22.01. 1976: "Minderjähriger hat im September und im Oktober 1975 einige Wochen als Glaserlehrling gearbeitet. Seither arbeitet er nur tageweise als Flugblattverteiler. Die Freizeit verbringt der Minderjährige mit gleichaltrigen Burschen in seiner Wohngegend. Der Minderjährige lässt sich leicht zu Dummheiten mit anderen Burschen hinreißen".
26.02. 1976: "Angeblich hat er bis vor kurzem gearbeitet. Er ist derzeit krank. Die Angaben sind unglaubwürdig".
Laut dem - dem Bescheid des Bundesamtes für Soziales und Behindertenwesen vom 26.08.2013, mit dem der Antrag auf Ausstellung eines Behindertenpasses (Verfahren nach dem Bundesbehindertengesetz) abgewiesen wurde, zugrundeliegenden - Gutachten, liegt beim Beschwerdeführer ein Gesamtgrad der Behinderung vom 20vH vor (degenerative Veränderung der Wirbelsäule mit Prolaps und Listhese L5/S, Pos.Nr. 02.01.01, 20%; beginnende Kniegelenksarthrose beidseits, Pos.Nr. 02.02.01, 10%).
Im Zuge des Parteiengehörs vom 22. November 2013 wurde dem Beschwerdeführer folgender Sachverhalt nach Wiedergabe der §§ 1 Abs. 1, 3 und 10 Abs. 1 Verbrechensopfergesetz mitgeteilt:
1. ) "Sie waren vom 07.11.1967 bis zum 27.11.1967 im Polizeiheim, vom 27.11.1967 bis 21.05.1968 im XXXX und vom 21.05.1968 bis 11.09.1970 im Kinderheim XXXX. Während Ihres Aufenthaltes im Kinderheim XXXX erlebten Sie psychische und physische Gewalt unter anderem in Form von Knien auf Holzstäbchen, Schlagen mit der Hand auf den Kopf, sowie Hochreißen an den Haaren und Ziegelschupfen im Winter ohne Winterbekleidung.
Sie gaben an, dass Ihre körperlichen Beschwerden "Rückenleiden, Lendenwirbel, Nierenbeckenentzündung" auf Misshandlungen während des Heimaufenthaltes zurückzuführen seien und Ihre Berufslaufbahn maßgeblich beeinträchtigt hätten.
Hinsichtlich Ihrer physischen Gesundheitsschädigung kann aus den vorliegenden Angaben und Unterlagen nicht abgeleitet werden, dass Sie mit Wahrscheinlichkeit durch eine mit einer mehr als sechsmonatigen Freiheitsstrafe bedrohte rechtswidrige und vorsätzliche Handlung bewirkt wurden.
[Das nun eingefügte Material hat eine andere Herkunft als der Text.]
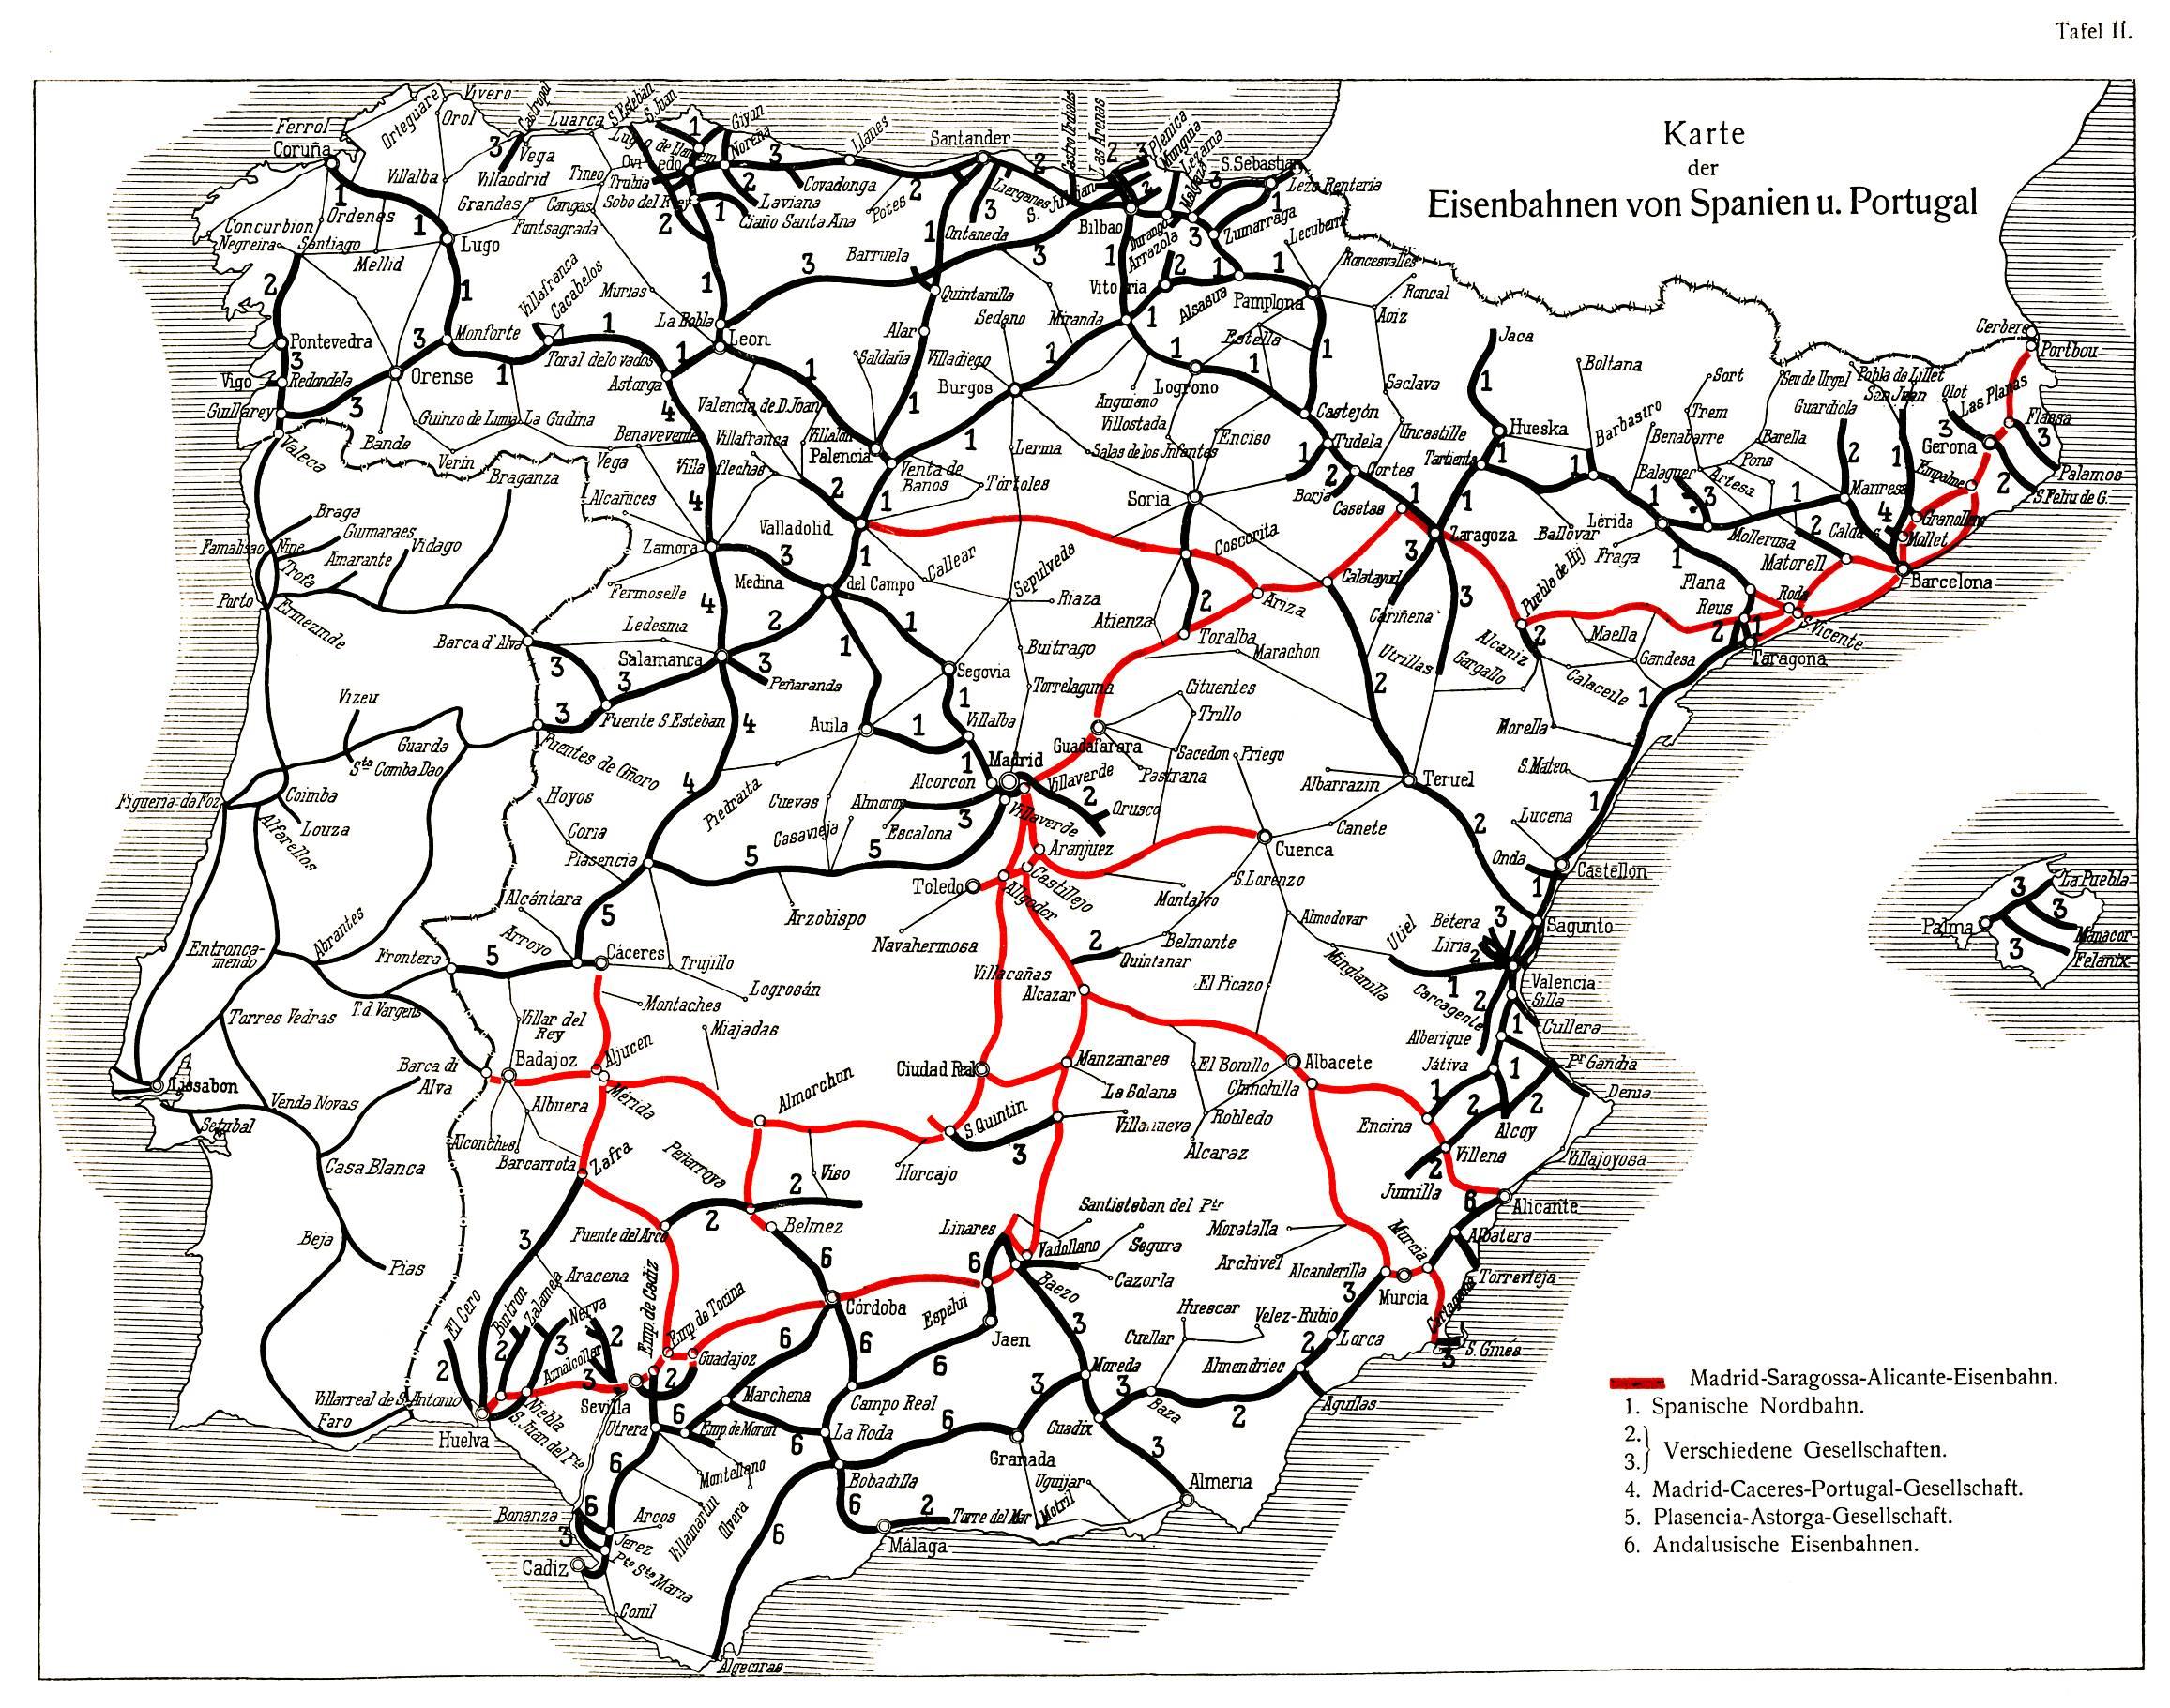 Spaın Traın Map Cataluña Rail Network Ave - Wikipedia

Es gibt keinerlei Dokumentationen oder Befunde, die einen Hinweis auf allfällige verbrechenskausale Schäden erkennen lassen. Weder aus dem Pflegschaftsakt noch aus den sonstigen Unterlagen geht weiters hervor, dass ein Lehrabschluss aus gesundheitlichen Gründen nicht möglich gewesen wäre. Erwähnt werden in den vorliegenden Unterlagen mehrere späte Unfälle während der Zeit ihrer Berufstätigkeit sowie der Verdacht eines Bandscheibenschadens.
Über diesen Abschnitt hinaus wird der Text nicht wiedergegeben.